Here is a tutorial for the plotly library: https://plot.ly/python/choropleth-maps/<br>
Here is a tutorial for creating a slider using plotly: https://plot.ly/python/gapminder-example/

If we do a world map, it would be better to use plotly since it has a world map already set for you. However, we need the country code to connect the map and the data in the csv, so... I don't really know what to do... Maybe Geopandas will actually be easier...

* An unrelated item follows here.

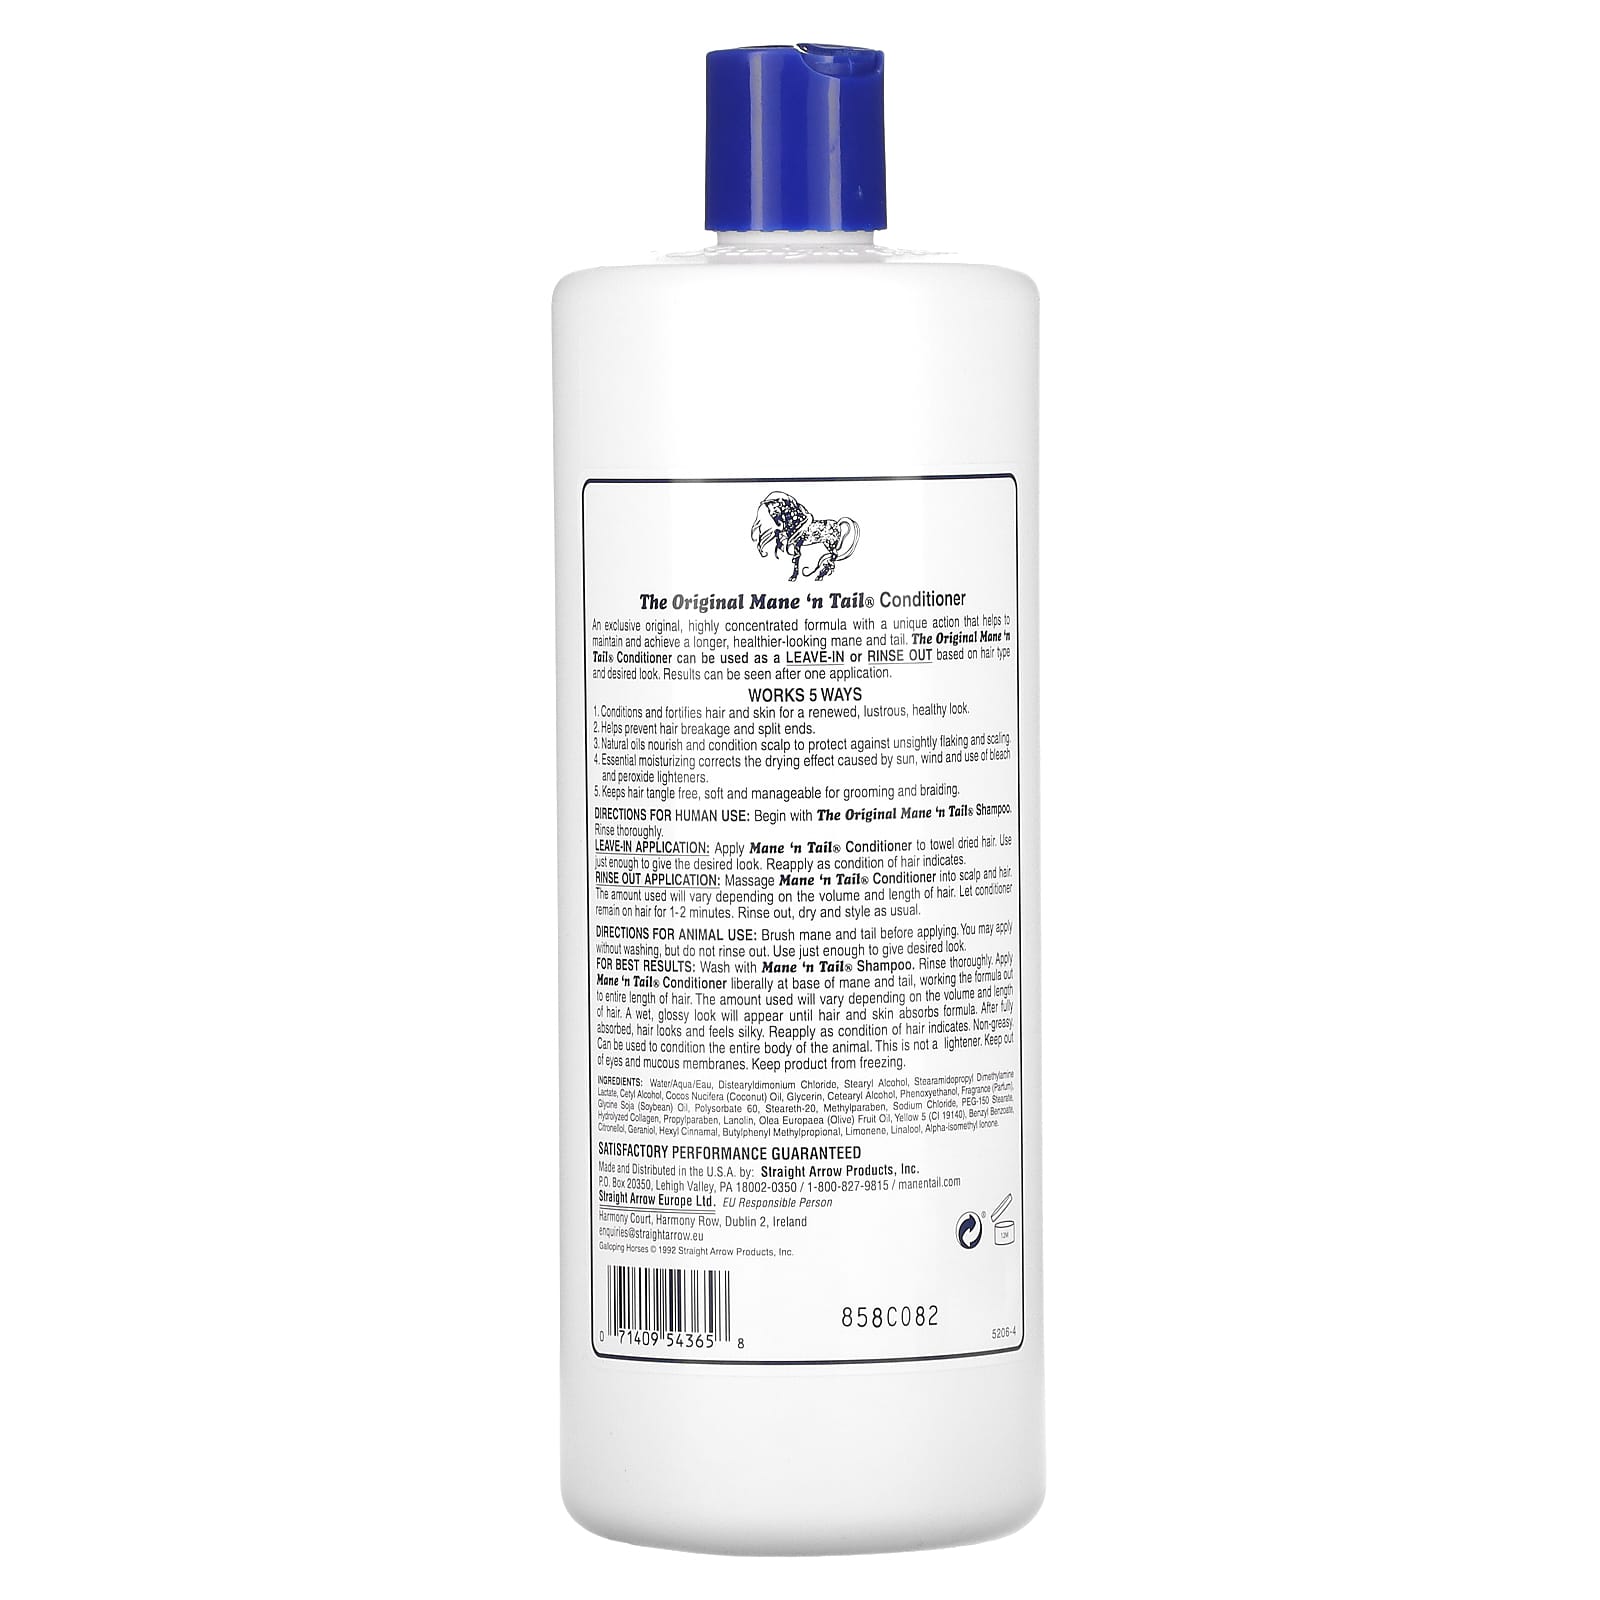 Mane n tail conditioner hair moisturizer-texturizer for healthier looking hair - 32 fl oz (946 ml)

But if we do decide on plotly, we need to
1. find the country code and assign all rows a country code corresponding to the country
    1. https://www.kaggle.com/shep312/plotlycountrycodes
2. do some data wrangling and change some country names
    1. some country names have extra notes in the end, which we should delete
3. some values are represented with <b>*</b>, which means the data is confidential; those should be set to 0

## Some Things that Still Needs to be Done

1. Get rid of "trace 0" when hovering over countries
2. Maybe make the lines not hoverable since I can't hover over any European countries and have their country name displayed
    1. the lines are too dense over Europe
3. I decided against having endpoints of lines display something since it'll just display the country name again.

## Relevant Libraries

In [1]:
# import plotly.plotly as py
# from plotly.grid_objs import Grid, Column
# from plotly.tools import FigureFactory as FF 

import pandas as pd
import time
import re
import numpy as np

In [2]:
refugee_df = pd.read_csv('2011-2018_monthly_refugee.csv')
# refugee_df

In [3]:
# displays list of unique country names in the data frame
# refugee_df['Country / territory of asylum/residence'].unique()

Replace:
1. Czech Rep. --> Czech Republic
2. United Kingdom of Great Britain and Northern Ireland --> ??? (currently United Kingdom)
3. Rep. of Korea --> Korea, South
4. The former Yugoslav Rep. of Macedonia --> Macedonia
5. USA (INS/DHS) --> United States
6. USA (EOIR) --> United States
7. Serbia and Kosovo: S/RES/1244 (1999) --> Serbia

In [4]:
code_df = pd.read_csv('plotly_countries_and_codes.csv')
# code_df

In [5]:
locations_df = pd.read_csv('countries.csv')
# locations_df

In [6]:
# displays list of unique country names in the data frame
# code_df['COUNTRY'].unique()

In [7]:
# replacing values in refugee_df dataframe
new_refugee_df = refugee_df.replace({
    'Czech Rep.': 'Czech Republic',
    'United Kingdom of Great Britain and Northern Ireland': 'United Kingdom',
    'Rep. of Korea': 'Korea, South',
    'The former Yugoslav Rep. of Macedonia': 'Macedonia',
    'USA (INS/DHS)': 'United States',
    'USA (EOIR)': 'United States',
    'Serbia and Kosovo: S/RES/1244 (1999)': 'Serbia'
})
# new_refugee_df

In [8]:
# joining two tables together
merged_df = new_refugee_df.set_index('Country / territory of asylum/residence').join(code_df.set_index('COUNTRY'))
merged_df = merged_df.reset_index()
# merged_df

In [9]:
# rename index column to 'Country'
merged_df.rename(columns={'index': 'Country'}, inplace=True)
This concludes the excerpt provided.